“咔,你这样不行啊,这已经是你第三十九张观海的姿势了!”朝昔拿着摄相机边调试着照片,边朝段灵飖走去,调出前面三十八张照片,为自己证明。
“那你还想怎么样?表演花式跳海,够不够创新?”段灵飖看了眼照片,回怼道。
“啧,拿出你的段式招牌笑啊!”朝昔贱兮兮的说道,还不忘举起相机对着段灵飖“拍一拍”。段灵飖撇了撇嘴,扭过头不予理会。
远处的沙滩光线蓦然一暗,而在那前头的沙地,仍然遍布黄金般的灿亮,像是光明与黑暗的交接处,又或是创世留下的裂痕。
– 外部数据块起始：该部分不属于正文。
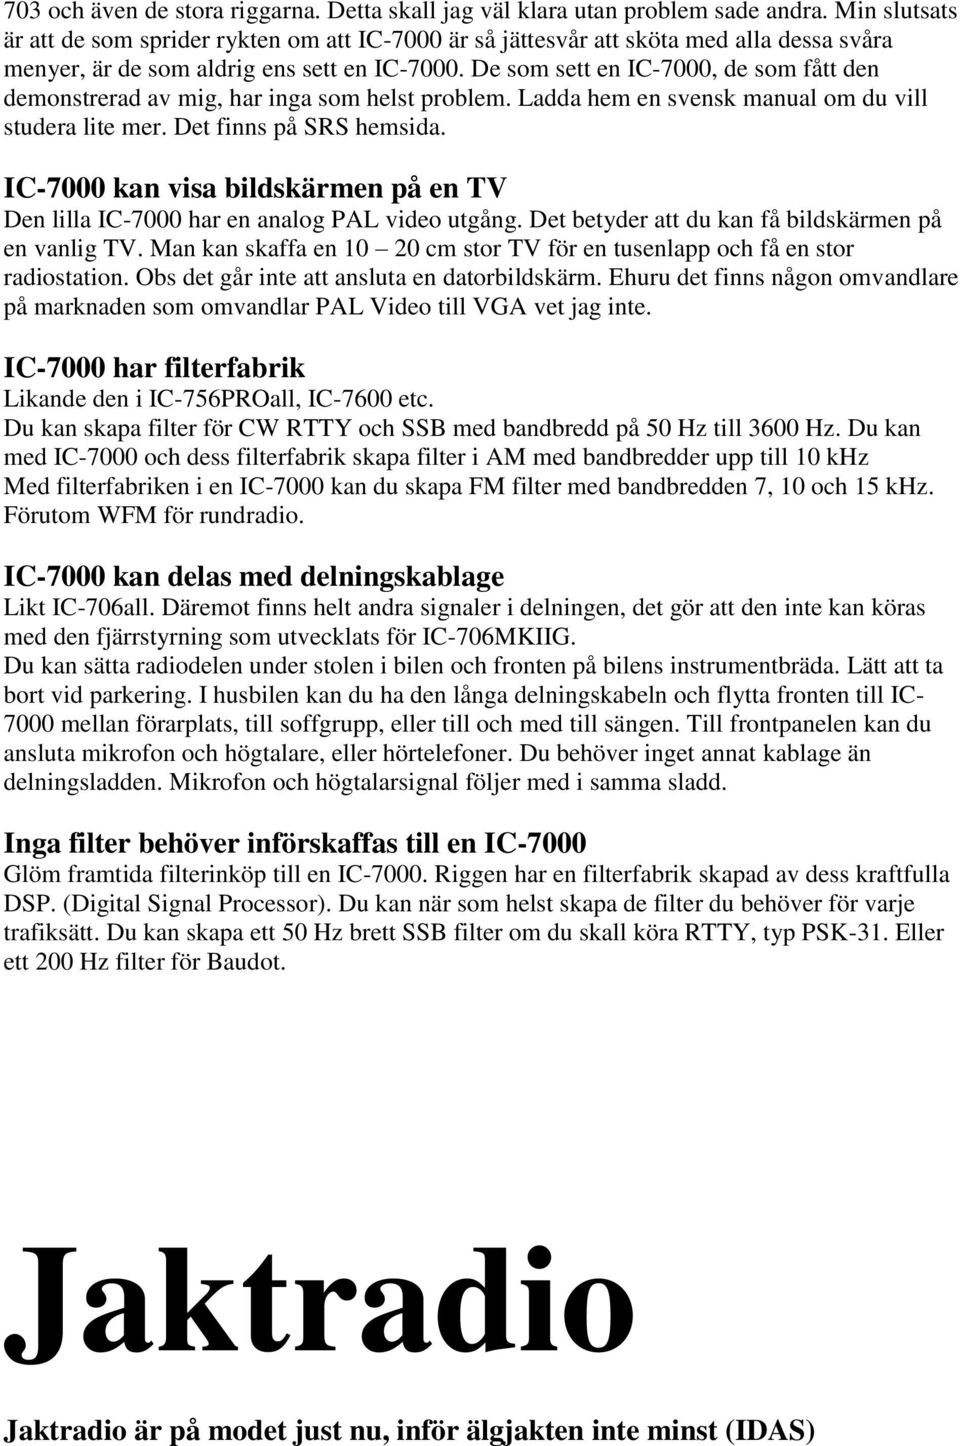 De som sett en IC-7000, de som fått den demonstrerad av mig, har inga som helst problem. Ladda hem en svensk manual om du vill studera lite mer. Det finns på SRS hemsida.

就在那明暗的交接处,段灵飖的视野边缘忽的捕捉到一线飘忽的灰,像一抹视觉的残影,又像一道无声的邀约,曳过空中,旋即不见。
段灵飖不由自主地眯起了眼,那片灰度,像一根无形的线,轻轻牵动了她的心绪。
然而就在下一秒,她眯起的眼睛突然瞪的老大,一道前所未有的光亮在她眼里闪过。她转过身猛然抓住朝昔的肩膀,大喊:“我有个想法!”
未等朝昔反应过来,她就翻起朝昔肩上的双肩包,从里面拿出一套褐色风衣和一副金边框眼镜。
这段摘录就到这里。